# Best tracks for asphalt plowing



## TSIJIM (Apr 9, 2018)

Hi all,

Long time lurker first time poster. My question is what would be superior for plowing asphalt that seems to be glazed over a lot of the time? Terex pt100/110 or a Bobcat T770 with roller suspension and polar treads? I understand the MTL will be superior in "dry snow" but what about glazed asphalt? Will the polar treads on a suspended undercarriage CTL outperform the MTL on the glaze? I currently use an A-300 (with a poor tire choice, extreme duty block tread) and a combination of 96" snow bucket, 10' Boss SK pusher, and a Bobcat SBX240 high flow blower. I love the A-300 but want the year round versatility of the large track machine for summer work on the acreage and occasionally running a mulcher for personal use. This old post has been the most informative so far https://www.plowsite.com/threads/camoplast-sd-ctl-tracks.158751/ 
I was hoping someone could give an experience with a polar or camso SD tracks on a bobcat suspended undercarriage machine. Also is the new bobcat suspension design any superior for traction compared to the old style.

Thanks!


----------



## John_DeereGreen (Jan 2, 2011)

@plow4beer


----------



## Mark Oomkes (Dec 10, 2000)

TSIJIM said:


> I was hoping someone could give an experience with a polar or camso SD tracks on a bobcat suspended undercarriage machine.


We've burned through one set of PolarTracs on our T650. (Got it right this time Mike...lol)

They worked great, no complaints other than the lifespan...a little over one season.

Bought a set of Camso this winter due to the Polars being racing slicks (but still able to plow). These work equally as well, maybe better? Can't really say for sure as the Polars were truly slicks so comparing them to a brand new set isn't really fair. I did a little bit of a review someplace, not sure which thread.



TSIJIM said:


> Also is the new bobcat suspension design any superior for traction compared to the old style.


Never plowed with the old style, but holy carp are they smoother. Very nice improvement.

I don't think you'll go wrong with either set, it is kind of a money thing.

plow4beer has far more experience than I do, and I took my recommendations from him. But the above is based on real life experience.


----------



## Mark Oomkes (Dec 10, 2000)

John_DeereGreen said:


> @plow4beer


I'm kinda hurt you didn't mention me...


----------



## John_DeereGreen (Jan 2, 2011)

Mark Oomkes said:


> I'm kinda hurt you didn't mention me...


I didn't know you'd switched to Camso's.


----------



## Mark Oomkes (Dec 10, 2000)

John_DeereGreen said:


> I didn't know you'd switched to Camso's.
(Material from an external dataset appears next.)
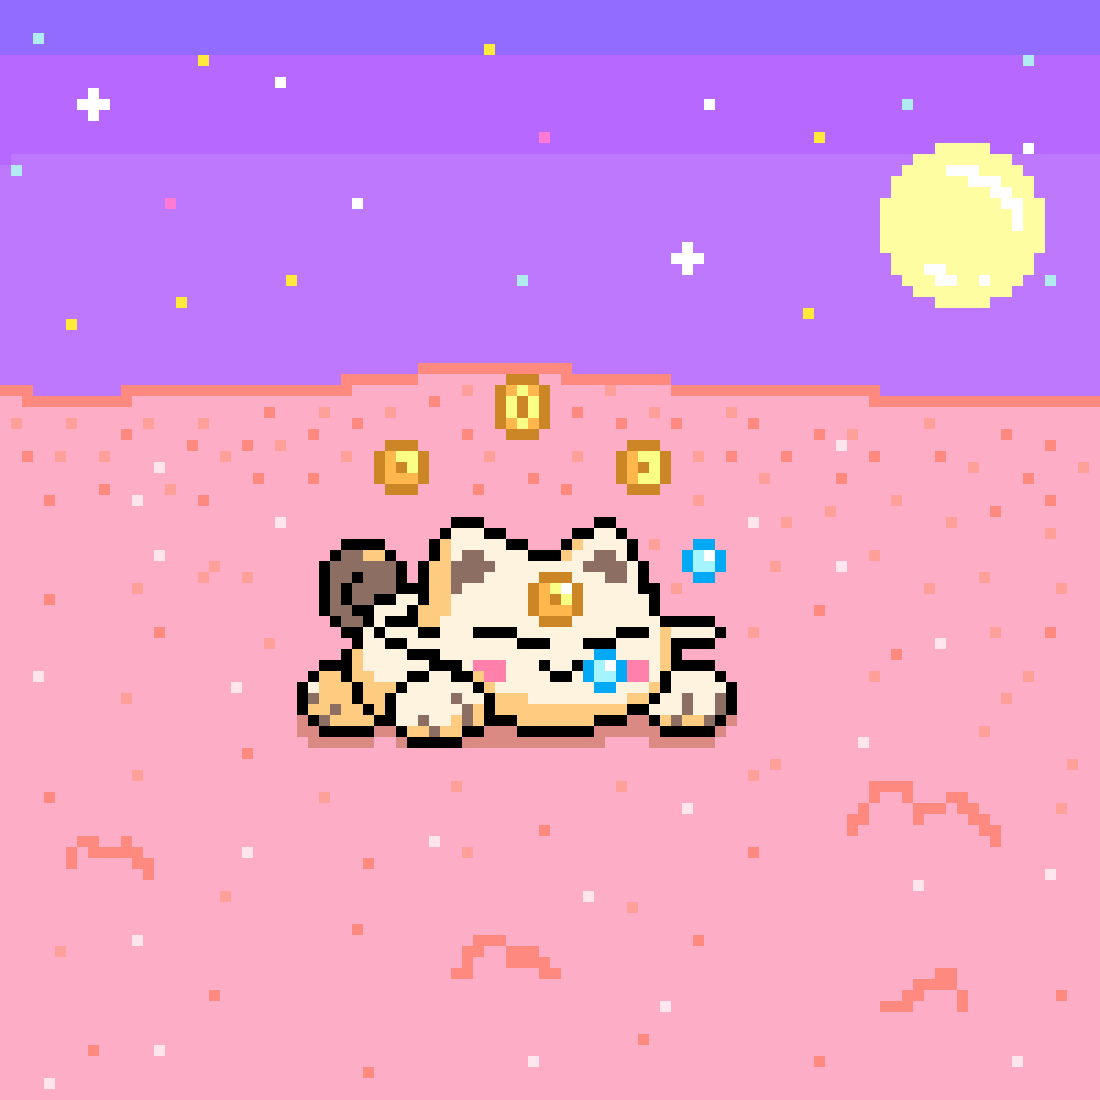 Arcade Healer I Got Up Super Early To Make This Beta Baby Meowth

Well now I'm really hurt...


----------



## John_DeereGreen (Jan 2, 2011)

Mark Oomkes said:


> Well now I'm really hurt...


You have feelings to hurt?


----------



## Mike_PS (Feb 28, 2005)

on point guys...you can check each other's feelings via private message

thanks


----------



## seville009 (Sep 9, 2002)

Any track will slip on icy asphalt. The smaller the lugs though, the better they will be though;just like tires - the more dping, the better the traction is. I have an ASV PT- 50 with the oem ASV tracks, which are more like bands versus blocked lugs. They are great in snow. On icy asphalt, they slip easily so I either throttle down a bit or blow/push the snow heading downhill. 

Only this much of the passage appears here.